= McGurk: A Dog's Life =

1979 television pilot created by Charlie Hauck

A Dog's Life is a 1979 television pilot created by Charlie Hauck for NBC and the last television concept developed by Norman Lear to become a pilot. The show starred Barney Martin, Beej Johnson, Charles Martin Smith and Sherry Lynn. Only one half-hour pilot episode was made of this offbeat costume comedy. It was shown only once on NBC on June 15, 1979 at 8:00 PM EST. The show featured the actors portraying the roles of the family dogs and wearing dog costumes. Lear's intention was to do an All in the Family-style show by using the dog's point of view to discuss controversial social and racial biases.

Peter J. Boyer of the Associated Press reviewed the pilot negatively, stating that "except for the dog suits, it's a formula sitcom with familiar subjects." In 2004, clips from the pilot were featured on an ABC special called The Best TV Shows That Never Were.

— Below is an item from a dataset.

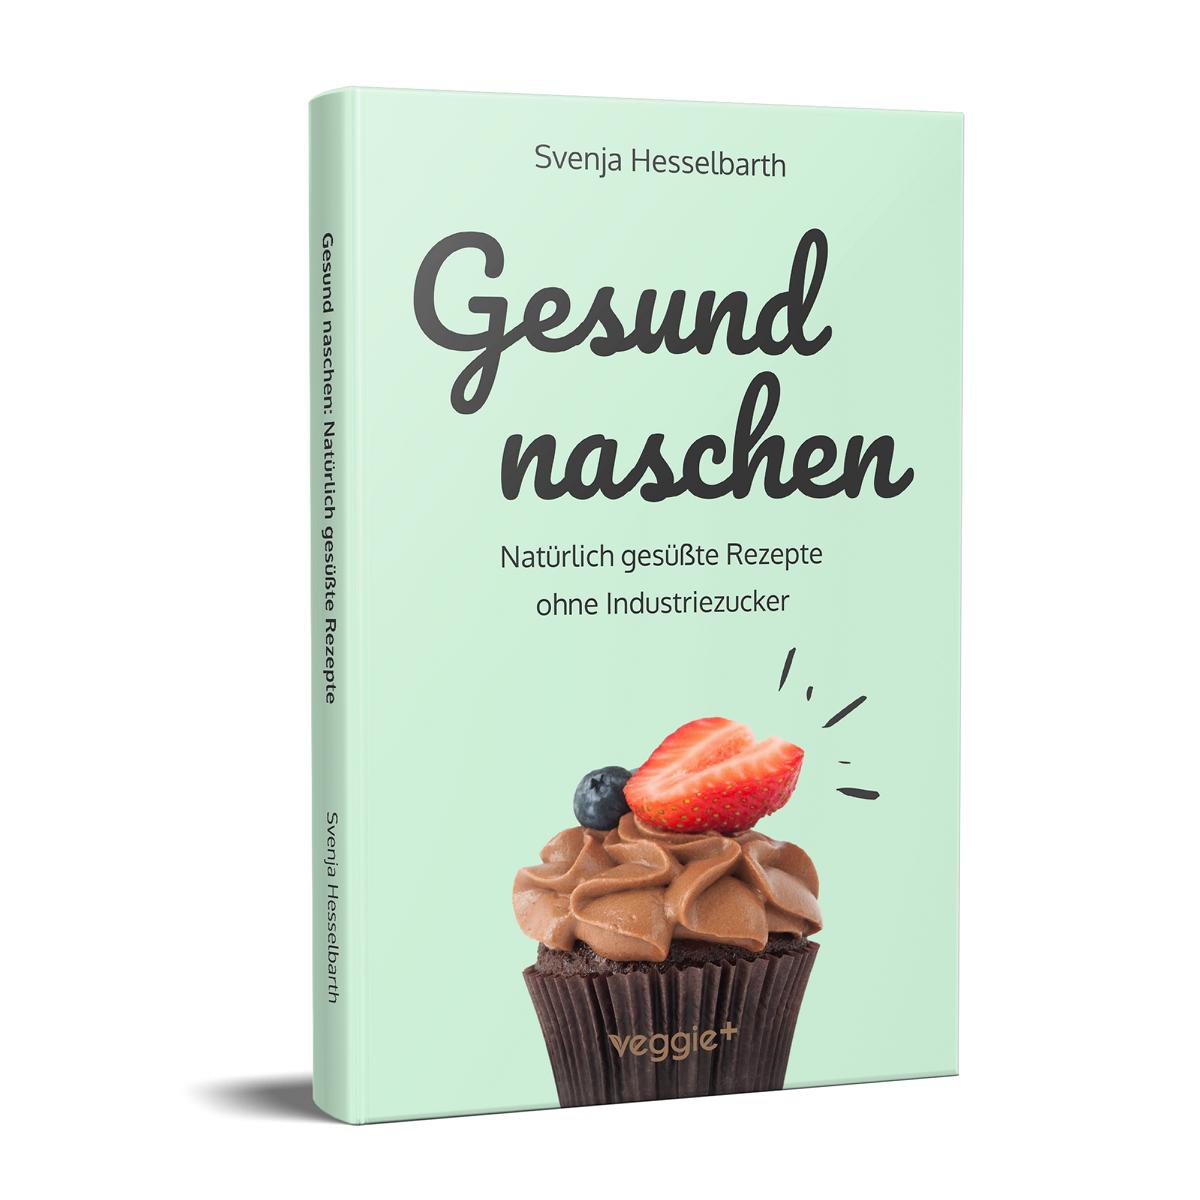 Gesund naschen: Natürliche Rezepte ohne Industriezucker von Svenja Hesselbarth im veggie + Verlag

==Plot summary of pilot episode==
"Curtains for McGurk"

McGurk is the old family dog whose life becomes complicated when his owners adopt a young, eager-to-please pup named Tucker. Iris is McGurk's love interest, while Camille is Iris's young pup who takes an instant liking to Tucker.

==Cast==
- Barney Martin ... McGurk
- Beej Johnson... Iris
- Charles Martin Smith... Tucker
- Sherry Lynn ... Camille
- Michael Huddleston ... Turk
- Hamilton Camp ... Spike

==Production team==
- Norman Lear ... Executive producer
- Peter Bonerz ... Director
- Charles Hauck ... Producer
- Ken Stump ... Associate producer
- Charles Hauck ... Writer

==Title song==
The show's title song was "We're your dogs", and was sung and performed by the four principal cast members.